Geographical variation in the burden of cancer was observed across different regions of India.^4,12 The prevalence of specific cancers, such as breast, colorectal, and prostate cancer, tends to be higher in industrialized societies.^13,14 The average age at which breast and ovarian cancer typically developed was around 45–50 years in India, which was 10 years younger compared to developed nations where the onset age is typically over 60 years.¹⁵ The incidence rate for ovarian cancer did not substantially increase for individuals aged 30–64 years between 1976 and 2005.¹⁶ Additionally, cervical cancer is the most common cancer among women aged between 30 and 69, accounting for 17% of all cancer-related deaths.^13,14 However, the incidence rate of cervical cancer declined in India over the period.^16,17 Other risk factors such as smoking and physical inactivity are associated with a higher incidence of cancer.¹⁸

The rise in the global elderly population was due to improvements in life expectancy over the past few decades.¹⁹ The elderly had a higher burden of cancer compared to other age groups.^5,18,20–22 Consequently, the growing number of elderly people in India will be expected to contribute to a twofold rise in cancer incidence by the year 2040.⁷

The existing research on cancer in India has primarily focused on incidence rates, mortality rates, and the burden of cancer. Although some studies have explored the cancer burden among different states in India, they have been limited to specific years and specific types of cancer. Only one study conducted by Dhillon et al. in 2018⁴ used data from the Global Burden of Disease Study (GBD) 2016 to analyze patterns and trends of cancer among all age groups in the states of India. Additionally, the elderly population accounted for 9.15% of the total population in India in 2019,²³ and they experienced the highest incidence rates of cancer.⁵ Therefore, the objective of this study is to examine the trends and patterns of the cancer burden among the elderly in different regions of India at a subnational level.

Data were extracted from the GBD India Compare 2019.²⁴ The estimates for this study were provided by the Institute for Health Metrics and Evaluation (IHME) in collaboration with the Indian Council of Medical Research (ICMR) and the Public Health Foundation of India (PHFI).⁴ Within the GBD India Compare, data were available for five aspects: cause, risk, etiology, impairment, and injuries by nature. Among these aspects, cancer falls under the causes of disease category (https://vizhub.healthdata.org/gbd-compare/india).²⁴ The causes of disease are categorized into four levels. Cancer (neoplasms) is located at level three, encompassing all causes of cancer. Further, level four provides more detailed information on specific causes of cancer, such as breast cancer, stomach cancer, and other causes of cancer.²⁵ In this study data extracted at levels three and four of the causes of disease spanning from 1990 to 2019 to collect cancer information.

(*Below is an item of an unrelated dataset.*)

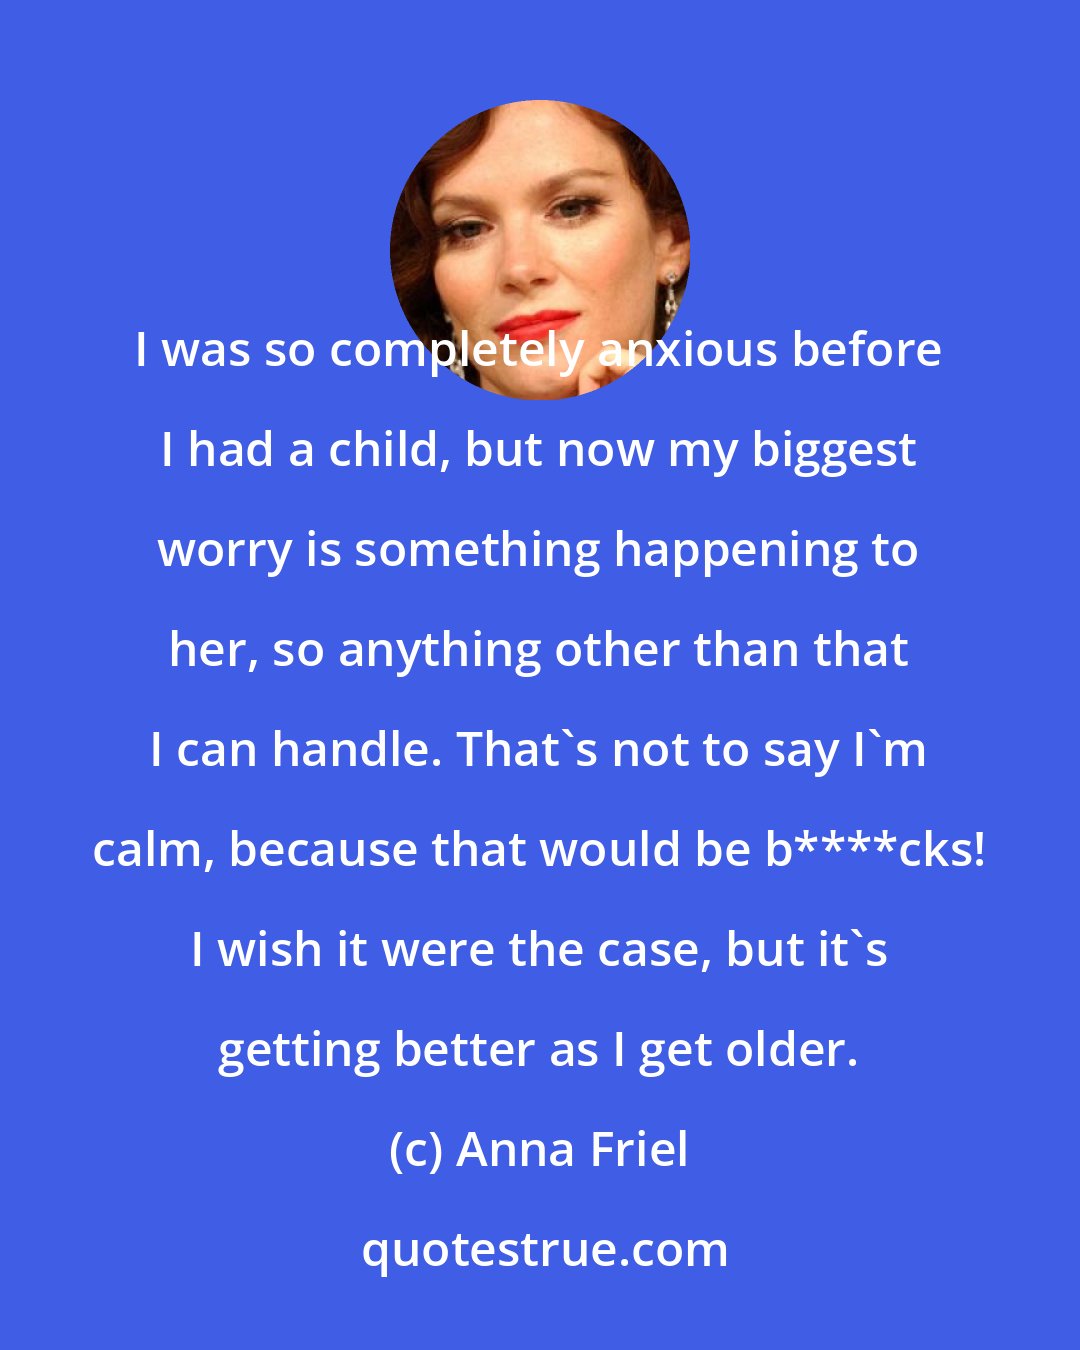 Anna Friel: I was so completely anxious before I had a child, but now my biggest worry is something happening to her, so anything other than that I can handle. That's not to say I'm calm, because that would be b****cks! I wish it were the case, but it's getting better as I get older.

GBD India Compare²⁶ provided data on the following age groups; 60–64 years, 65–69 years, and 70 years and above. By summing the cancer burden among these three age groups, we obtained the burden of cancer among the elderly. In addition, data on the prevalence of cancer cases and the accompanying DALY associated with cancer have been extracted to estimate the burden of cancer.

DALY is a standardized measure that consists of the loss of healthy life years from fatality (YLL) and the loss of healthy life years from nonfatality (YLD). The unit of measurement for DALY is years. One DALY represents the loss of 1 year of healthy life.²⁵[Image Omitted. See PDF]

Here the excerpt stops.